Hi, I’m Brad and I live in Seattle. I’m a returned missionary, a husband, a dad, a musician, and a Mormon. I have served in bishoprics as counselor and as branch president. I’ve been an elders quorum president, served in ward missions, and until recently was the primary chorister. I support Ordain Women and I think you should too.
Recent statements by the Bretheren have spoken of priesthood power being held by all women. That may be well and good, but Ordination goes one step further and confers the important powers of decision making over budget, staffing, ecclesiastical authority, organizational stewardship, tithes and offerings, teaching manuals, materials, public statements, dress, and meetings. There is no reason why a woman cannot preside at a meeting, why they cannot count and record tithes, why they cannot receive revelation for their flocks, or why they cannot call down the powers of healing, ministering, and other spiritual gifts of the priesthood.
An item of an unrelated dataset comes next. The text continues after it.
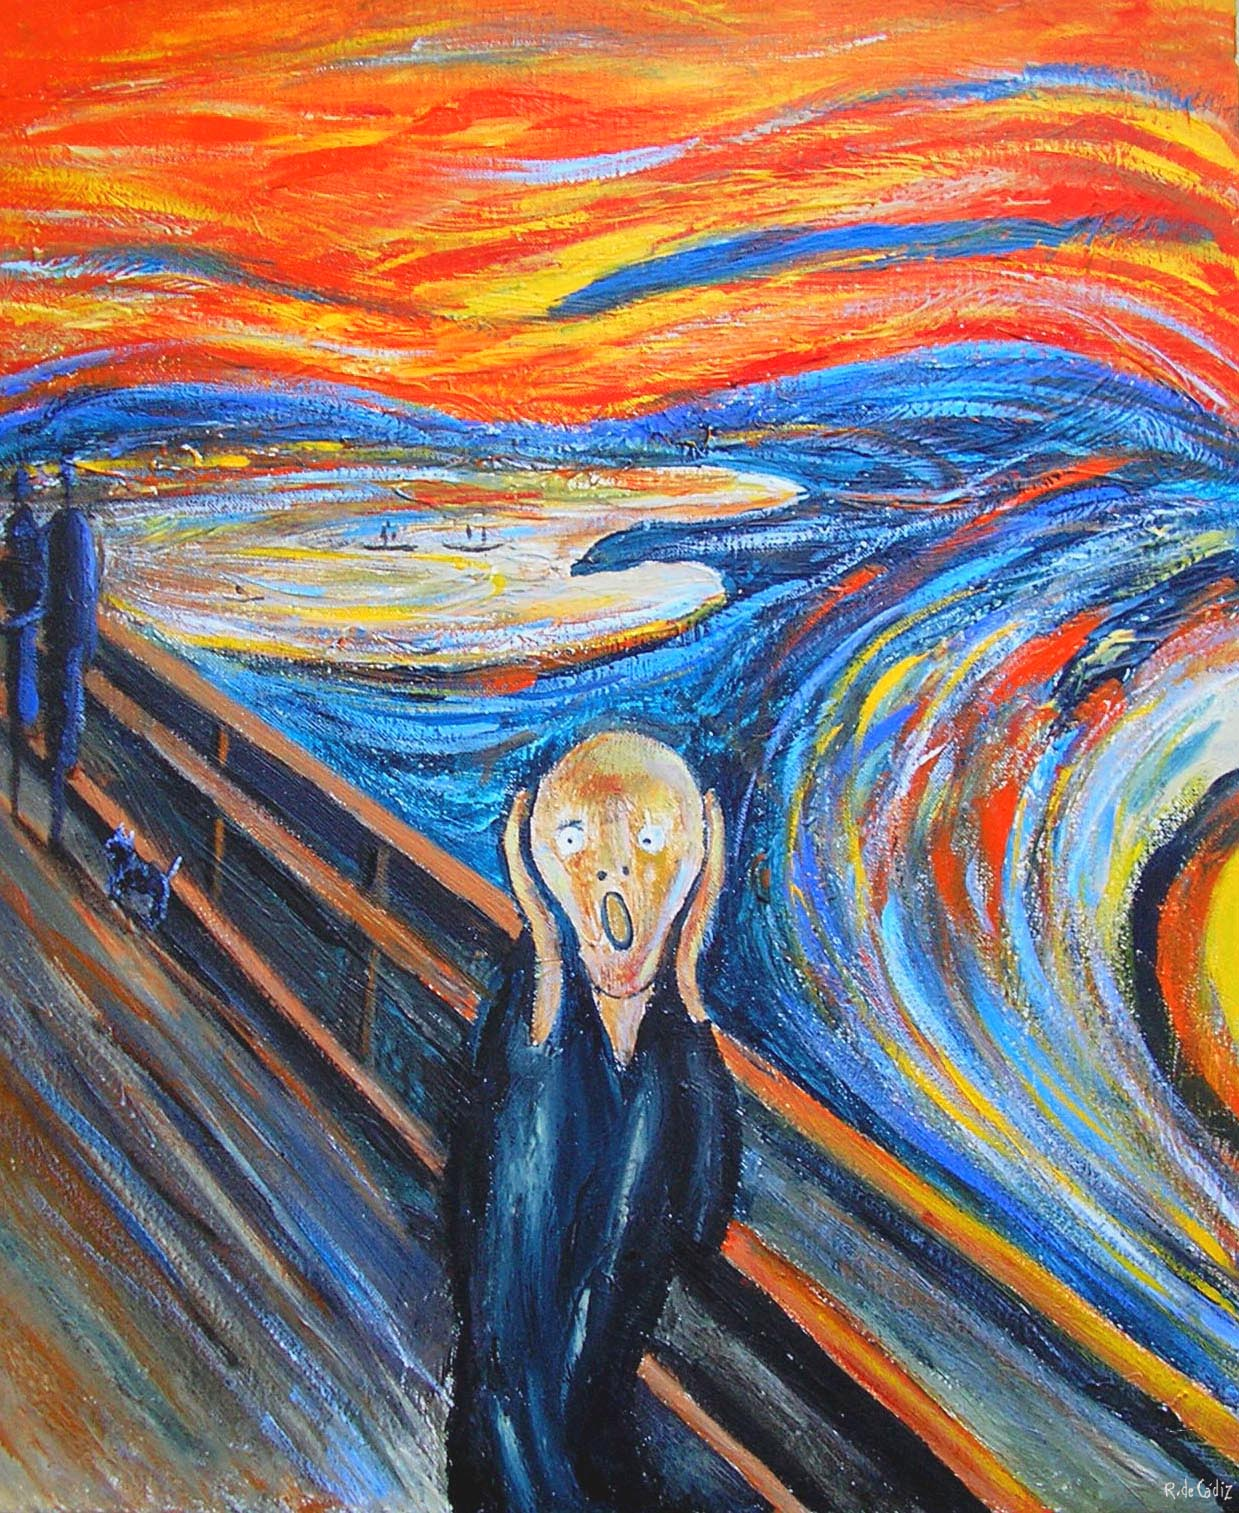 Expresionismo pictórico

I believe that we are stunting ourselves by discouraging the full employment of the strength and abilities of our sisters in Christ. I believe that we as men do ourselves a disservice by not valuing women as equals but instead putting women in gilded cages of higher spirituality and “specialness”. We men undercut ourselves when we deny our sisters, wives, mothers, and daughters the same spiritual powers and authorities that we take for granted. We make a mockery of our “service” when we deny others those same burdens.
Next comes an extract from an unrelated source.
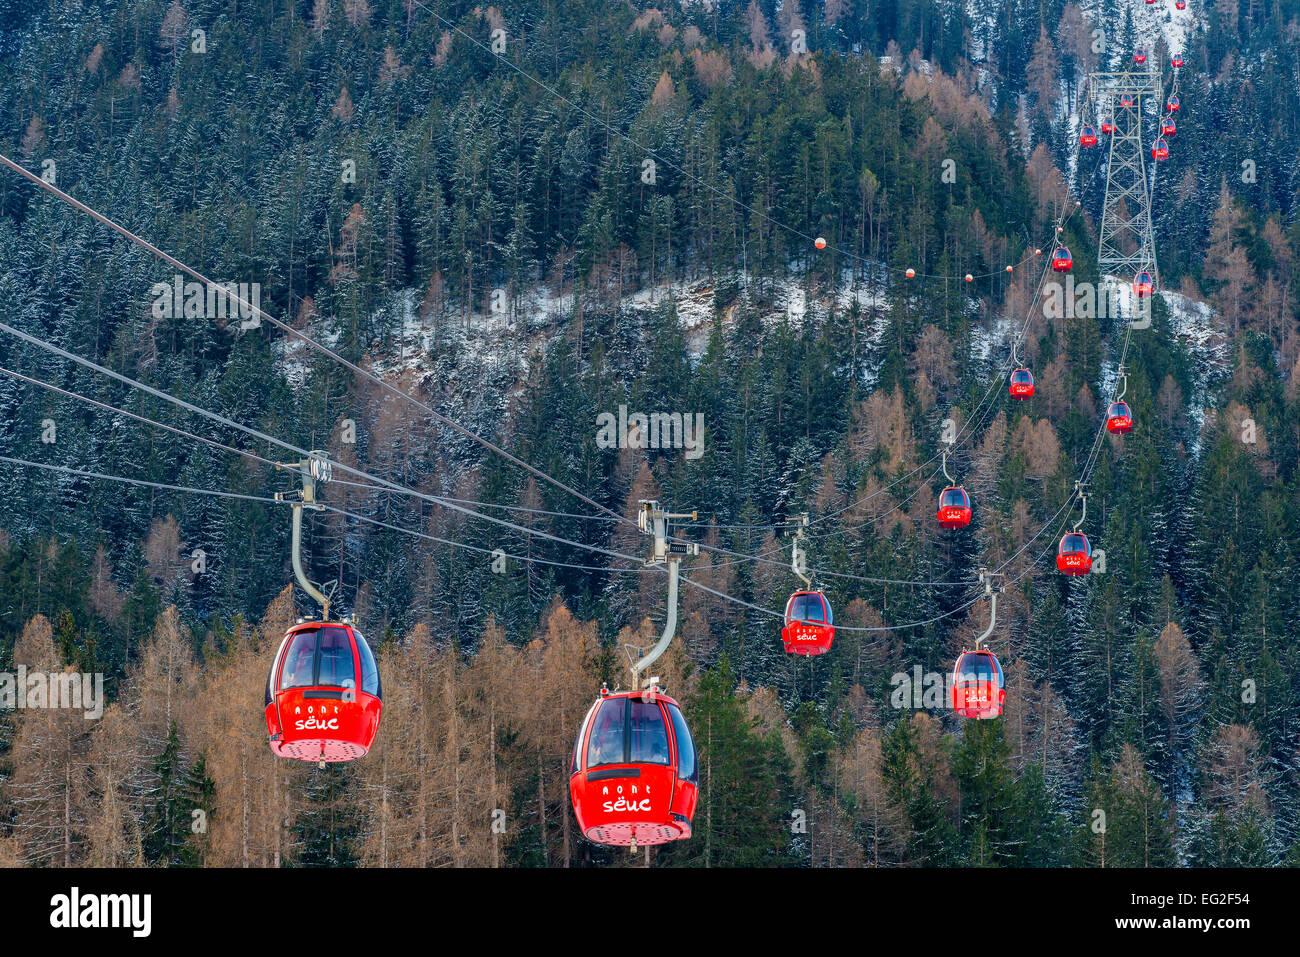 Seiser Alm or Alpe di Siusi gondola lift, Ortisei or St Ulrich, Val Gardena, Alto Adige - South Tyrol, Italy - Stock Image

My own wife is a powerful, competent woman who serves in leadership positions in her firm, at church, in the community, and boards of large non-profits such as the Seattle Symphony and the Seattle Art Museum. And yet, when the ward needed a Sunday School President, they called her, but renamed the calling to “Sunday School Coordinator”. There is no reason why she might not be called president. There is no reason why she should not be able to call upon priesthood authority in that calling. There is no reason why in a similar situation, that any of us shouldn’t. Authority is not about magical powers, it’s about the ability to act for and lead a group; an emancipation yet a designation of service.
I support OW because the church will be better with women in real leadership. The church will be better with women in authority. The church will be better when we not only call upon women but depend upon their contributions to the building up the Zion. Ordination will also show that we are a church that believes in continuing revelation, that we are a church that believes in our own 9th article of faith which states that God will continue to reveal many great and important things. I support OW because we can do better.